Un pacte mondial pour l’emploi
30 juin
L’ « Organisation Interationale du Travail » a adopté le 19 juin 2009 un «pacte mondial pour l’emploi», visant à créer des emplois, à protéger les travailleurs et à stimuler la reprise économique.
Ce pacte (11 pages bien espacées) est censé proposer « une série de mesures en réponse à la crise que les pays peuvent adapter à leur situation et à leurs besoins spécifiques« .
Or, malgré quelques accents d’autosatisfaction, à mon avis déplacée, (je cite le communiqué de presse « Le Pacte mondial pour l’emploi représente la réponse la plus rapide et la plus complète à une crise économique jamais adoptée par l’OIT qui célèbre son 90e anniversaire cette année. ») à la fois pauvre et non pertinent.
On y trouve du constat (Des entreprises et des emplois sont en train de disparaître), du voeux (Le monde doit faire mieux), du rêve (Après la crise, le monde devrait avoir un nouveau visage), voire de l’auto-illusion (Cela contribuera à la relance économique, à une mondialisation équitable, à la prospérité et à la justice sociale).
Pourquoi je parle je d’illusion ? Simplement parce que il n’est aucunement évident que ces quatre objectifs soient compatibles et mutuellement réalisables.

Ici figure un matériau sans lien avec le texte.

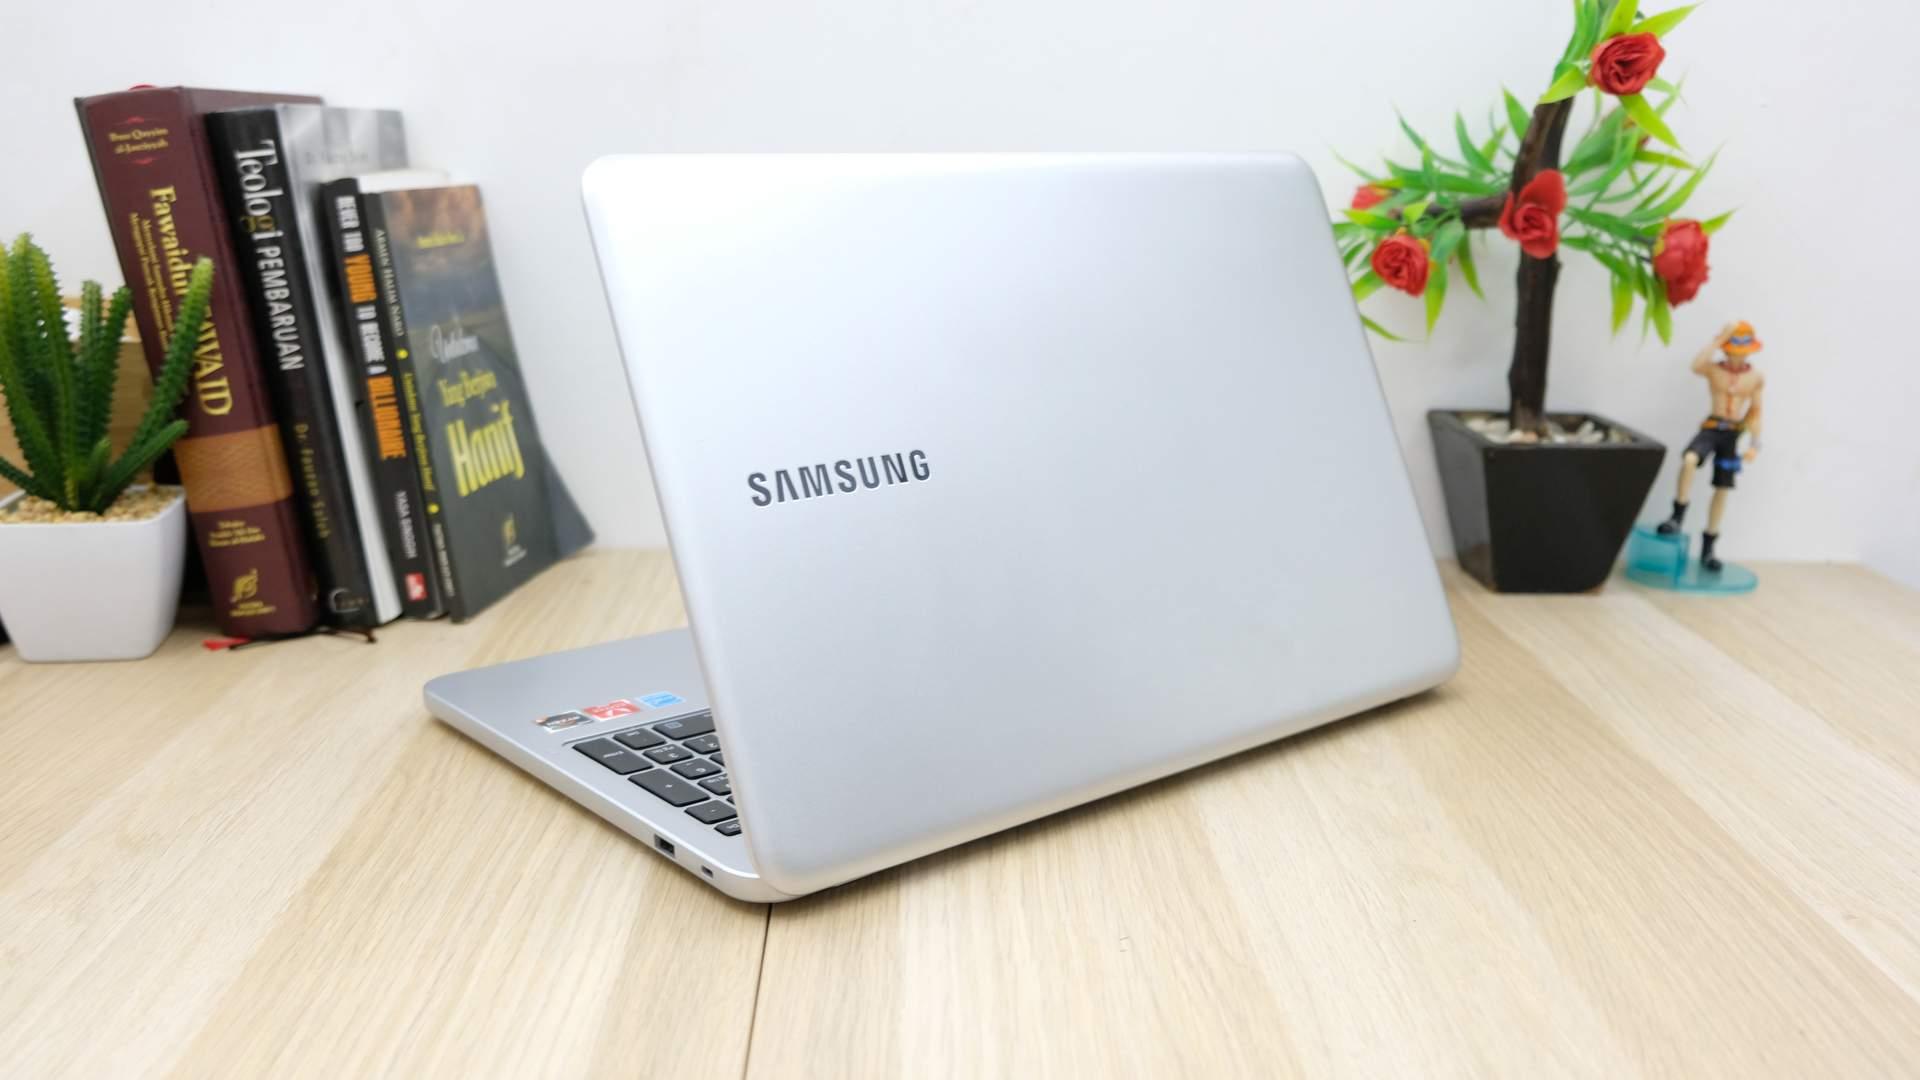 Parte traseira de notebook Samsung aberta em mesa de madeira com decoração de livros e plantas ao fundo

Certes, un certain cadre théorique, dans l’espèce celui de la macro-économie keynésienne, nous promet que si, c’est possible. C’est même simple. D’ailleurs, ce cadre théorique est explicitement cité dans le Pacte : quand on parle de « stimuler la demande effective » ou de « soutenir la création d’emplois dans tous les secteurs de l’économie, en tenant compte de l’effet multiplicateur des efforts ciblés » (ce qui au passage me paraît contradictoire – tous les secteurs ou efforts ciblés?) ou encore d’utiliser « des programmes exceptionnels de travaux publics et d’autres dispositifs de création d’emplois directs », la matrice inspiratrice me semble clairement établie.
Or, j’avoue, j’ai un problème de compréhension de tous ceux qui se réclament de politiques économiques keynésiennes. Le fait que les approches anti-keynesiennes semblent avoir échoué, notamment dans leurs versions à la Friedman, ce n’est pour autant que les thèses de Keynes, elles aussi ayant vécu un long moment d’essoufflement, sont devenues plus adaptées à nos jours.
Pour faire un parallèle écologique qui fera plaisir à nombre de mes amis et compagnons de route en politique, on peut comparer Keynes à une voiture à essence. Ça marche mais ça émet du CO2, ça consomme, ça s’use relativement vite. Face à cela, Friedmann est un diesel. Ça marche également, ça émet moins de CO2, ça consomme moins, ça dure plus longtemps. Cependant, ça pollue par les particules fines et autres aménités. Or, est que, en raison du fait que le diesel ne serait pas si bon que ça, on doit revenir sur l’essence ? Mes amis ont déjà fait un arrêt cardiaque rien qu’en y pensant : il faut trouver une autre manière de se déplacer, bon sang ! A l’hydrogène, ou par panneaux solaires on j’en sais pas trop quoi. Mais pas ressaisir quelque chose qui a fait ses preuves de faiblesse.
Personnellement, j’apprécie l’ouvrage de John Maynard Keynes. Mais ce n’est qu’être honnêtes que d’admettre qu’il a échoué à expliquer et à fournir des éléments pour contrer le chômage involontaire. Pourtant, c’est bien ce chômage que l’OIT pointe.
En synthèse je trouve ce document tout aussi décevant que la Déclaration conclusive du G20 d’avril 2009 : des jolis mots, des belles déclarations, une once d’auto-promotion et de lobbying mais strictement rien sur le fond des problèmes. Sauter comme des cabris en criant « Croissance ! Croissance ! » ne produira ni de la croissance (en avons nous vraiment besoin ; quelle croissance peut-on avoir ?) ni de l’emploi.